WORK ORDER
If an entry below holds a picture, leave the picture out and print the rest exactly.

DATA
====
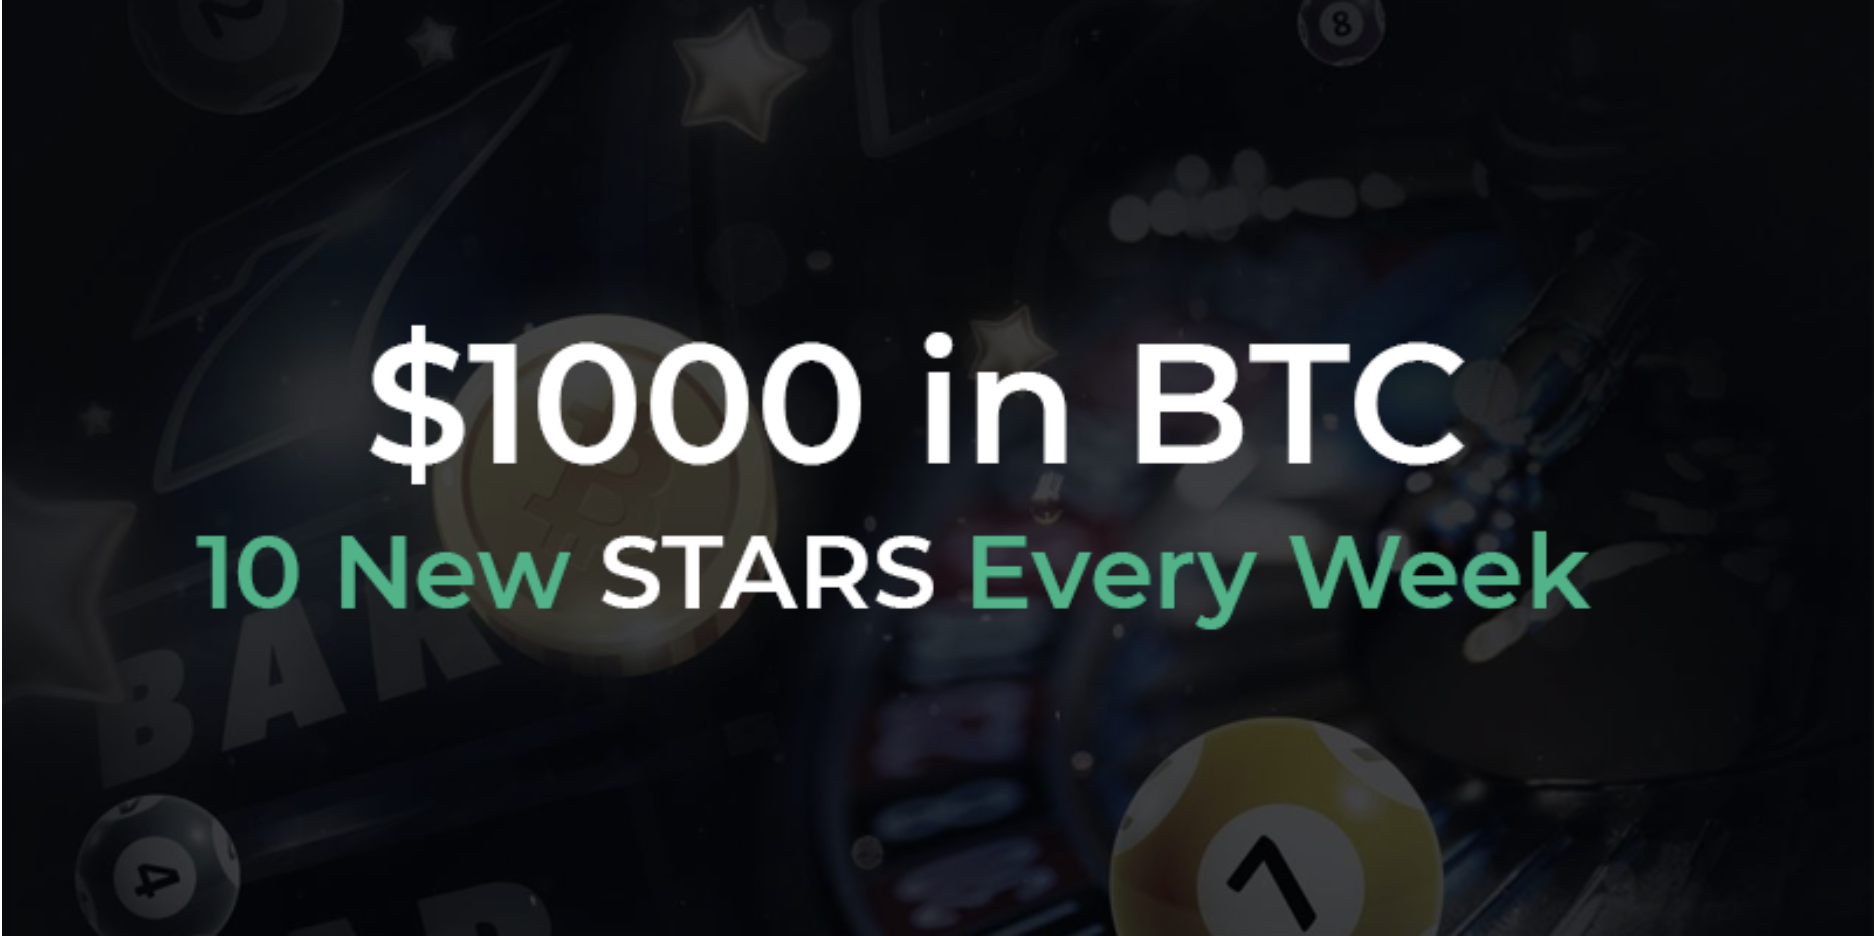 Bitscoins.net Launches Games Stars Leaderboard – Win BTC Every Week
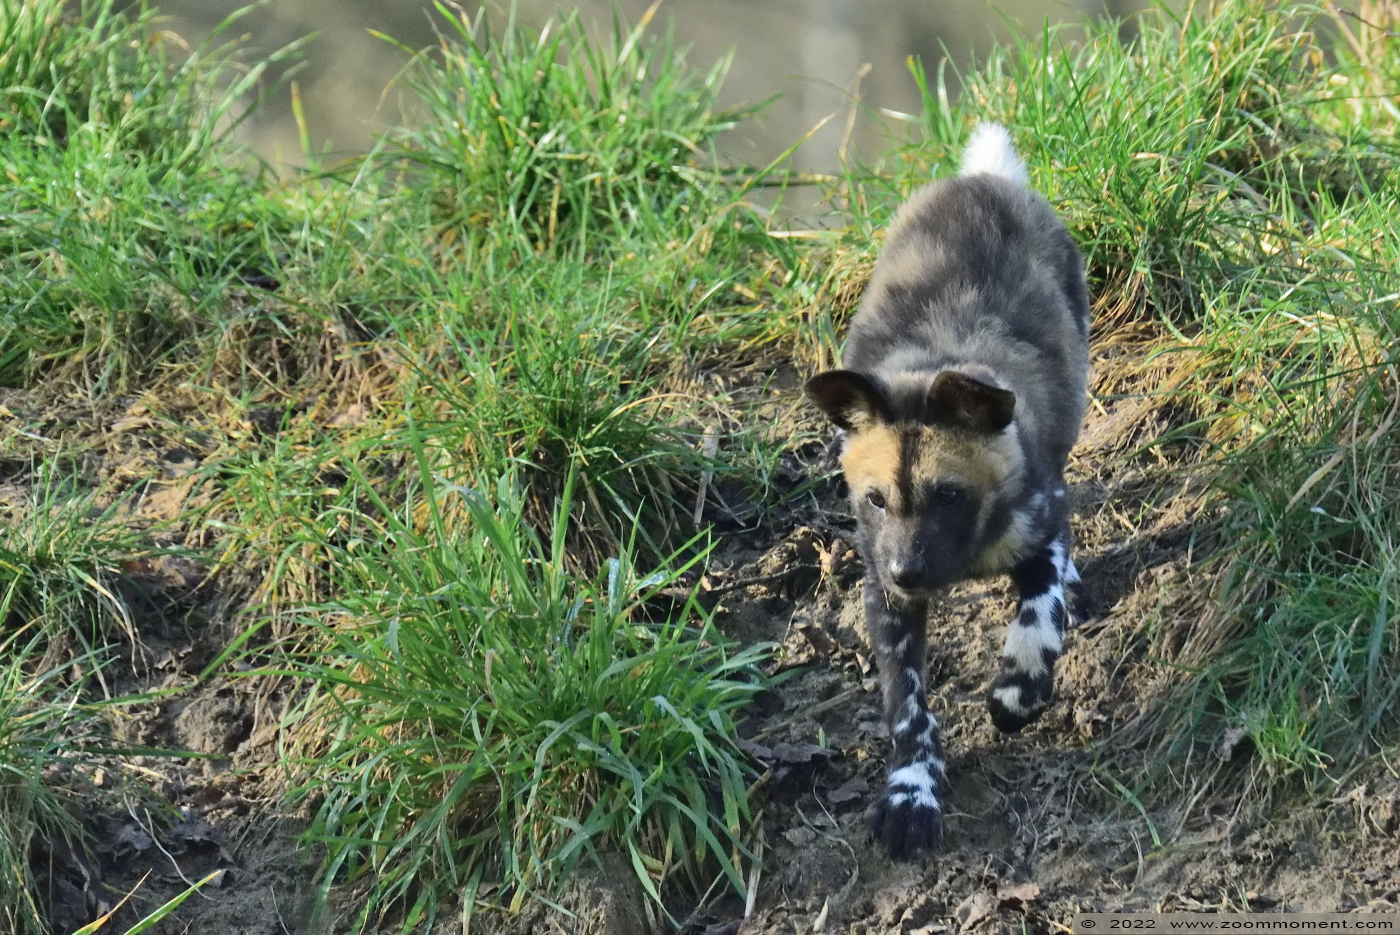 Afrikaanse wilde hond ( Lycaon pictus ) African wild dog
Pups, born 10 Januari 2022, on the picture about 3 weeks old

Keywords: Safaripark Beekse Bergen Afrikaanse wilde hond Lycaon pictus African wild dog pup
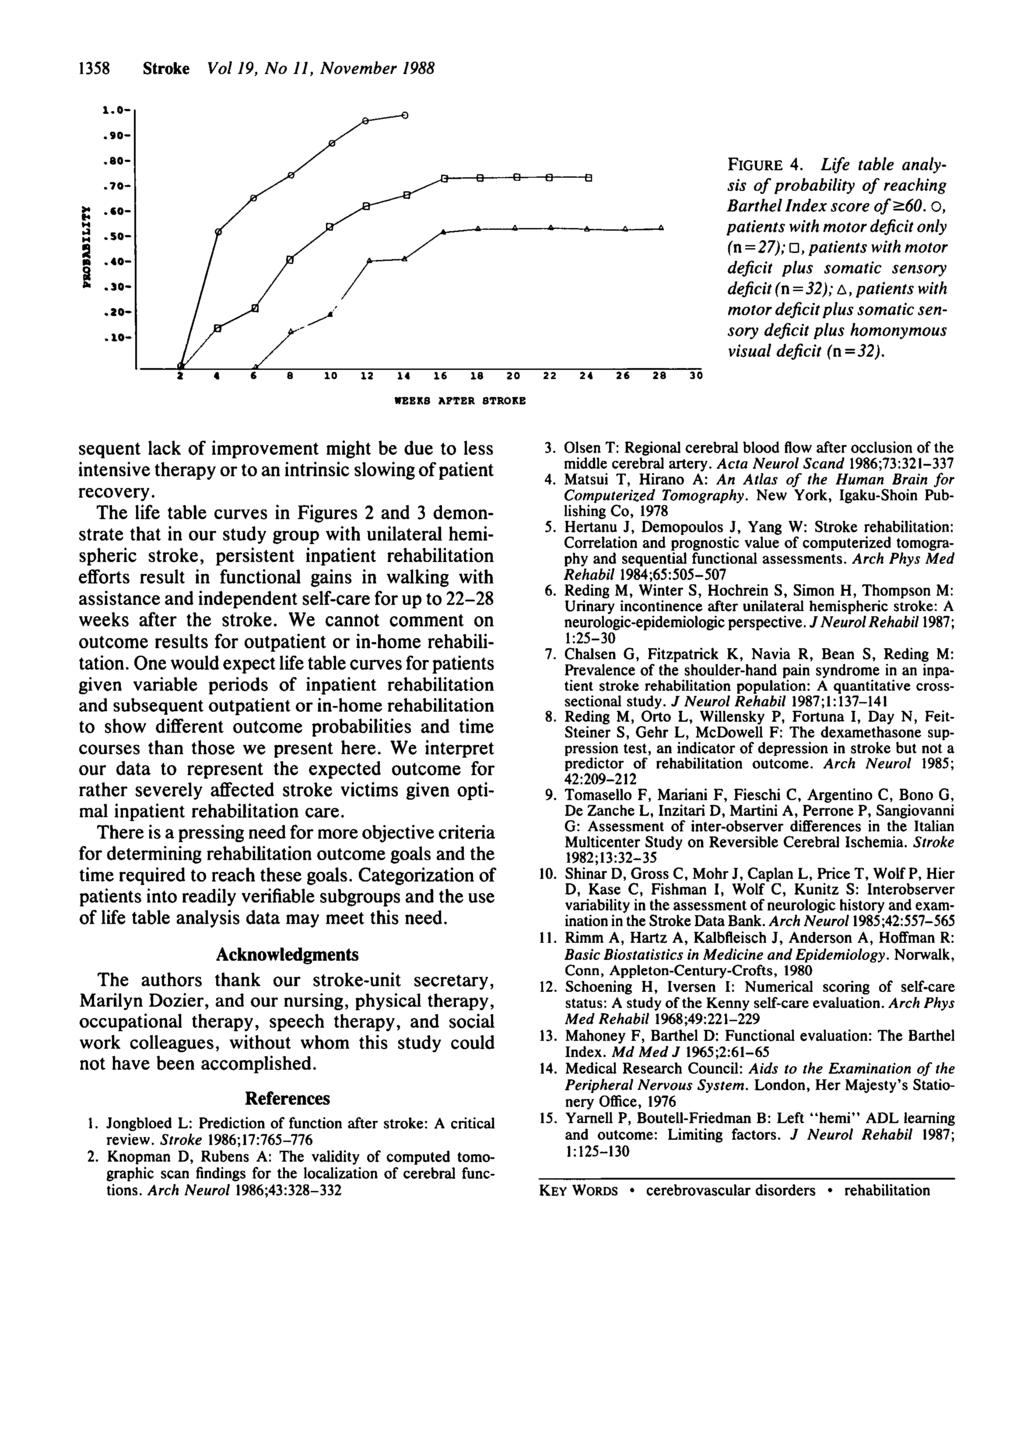 1358 Stroke Vol 19, No 11, November 1988 FIGURE 4. Life table analysis of probability of reaching Barthel Index score of ^60.
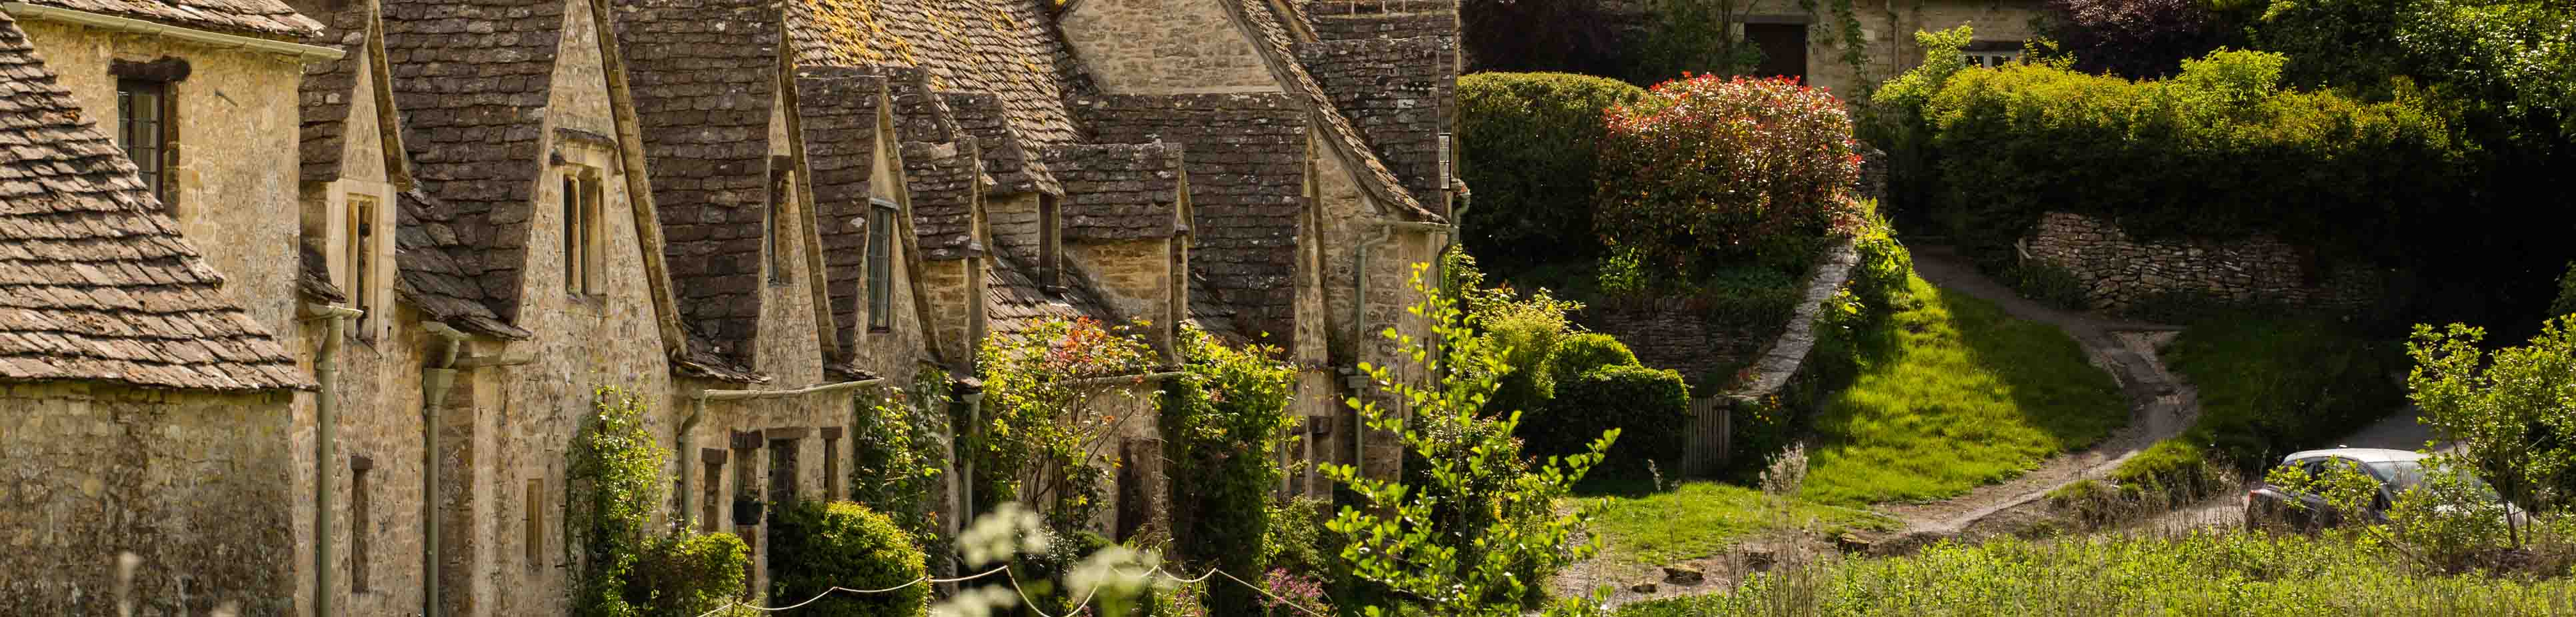 Cottages in The Cotswolds
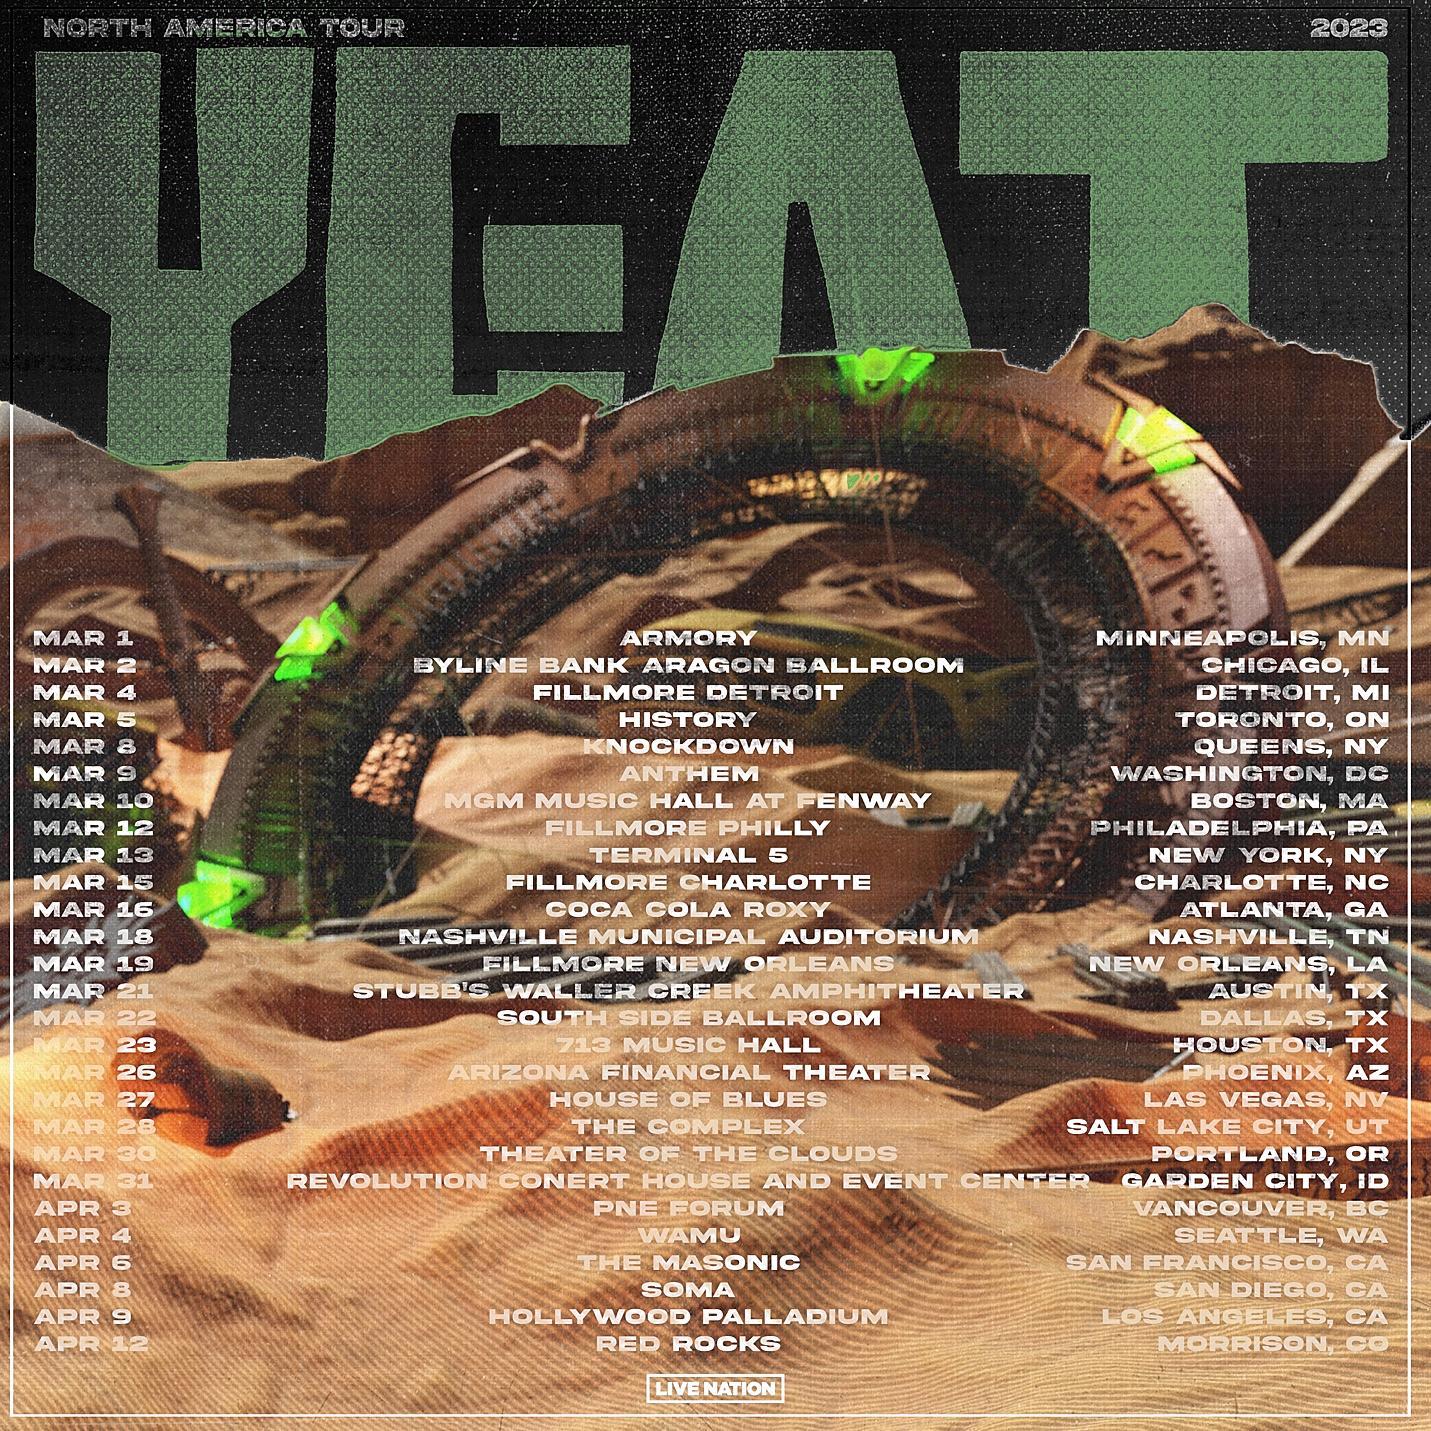 Yeat Concert Live Stream, Date, Location and Tickets info
====
TASK SOLUTION
 Bitscoins.net Launches Games Stars Leaderboard – Win BTC Every Week
 Afrikaanse wilde hond ( Lycaon pictus ) African wild dog
Pups, born 10 Januari 2022, on the picture about 3 weeks old

Keywords: Safaripark Beekse Bergen Afrikaanse wilde hond Lycaon pictus African wild dog pup
 1358 Stroke Vol 19, No 11, November 1988 FIGURE 4. Life table analysis of probability of reaching Barthel Index score of ^60.
 Cottages in The Cotswolds
 Yeat Concert Live Stream, Date, Location and Tickets info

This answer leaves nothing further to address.